Me quedo observándolo, fríamente. Tan friamente que vuelvo a dispararle. Esta vez en la cabeza, sin más objetivo que el comprobar con una mueca de satisfacción como su cabeza responde al disparo con un brote de sangre y un cambio en su estructura. Apreto el gatillo un par de veces más, pero nada pasa. La vida, cualquiera que fuera la que ese ser tuviera, ya no se encontraba presente, y los diseñadores parecían no haber contemplado que alguien prestara atención al cuerpo de un enemigo una vez éste fuera abatido. Sin más interés, giro la cámara y me dispongo a continuar avanzando por el nivel. Pero algo me hace dar la vuelta y volver a posar mis ojos en el cadáver.
Una medalla. Sí. Una medalla, de esas que te regalan tus padrinos cuando haces la comunión. De esas en las que puedes colocar una foto pequeñita en su interior. Una foto de un ser querido. Una foto de un ser querido. Esta posibilidad rebota en mi cabeza como una pelota de ping pong ¿Un ser querido? ¿A quién puede querer un personaje cuyo único propósito en el juego es ser abatido? No es un jefe final de fase, ni el argumento parece haberle reservado un mísero papel; Es un actor de relleno, sin más. Y aún así lleva una cadena de comunión.
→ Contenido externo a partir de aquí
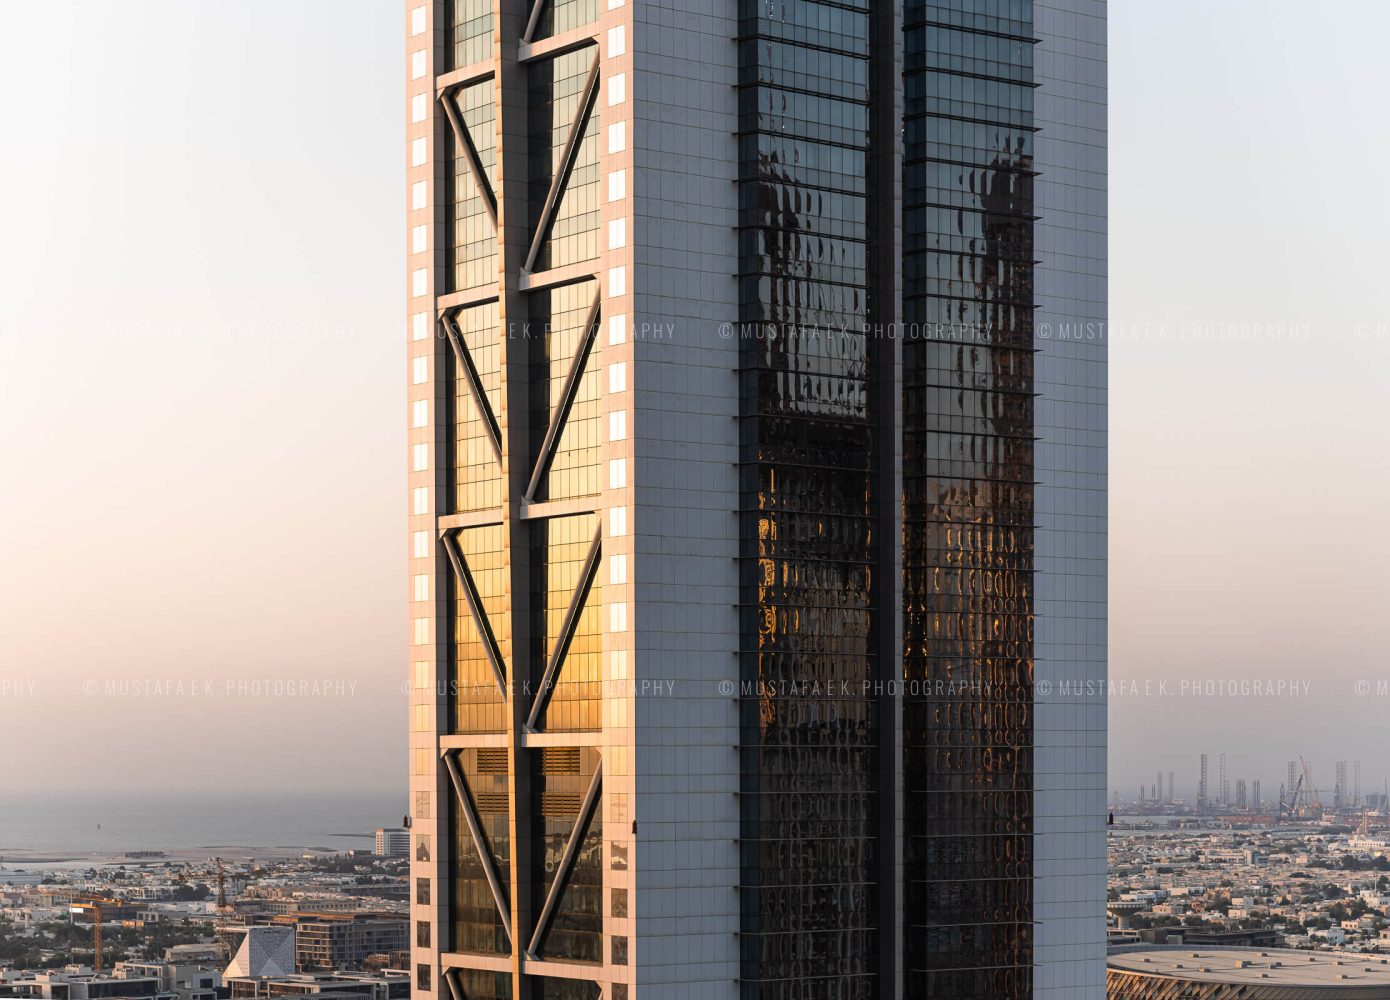 Millennium Tower Dubai Architectural Exterior Photographer Kuwait architecture photography professional detail shot closeup 01

Me planteo las hipotéticas consecuencias de su muerte en ese mismo momento: Un final alternativo, un modo bloqueado, incluso un giro de la historia que se cierra sólo por haber disparado sin haber calculado las consecuencias. Unas consecuencias que, seguramente sólo estarán en mi cabeza, y en la mente de un diseñador que decidió colocar en el cuello de un soldado clon una medalla de primera comunión. Pero ¿Y si hubiera algo más?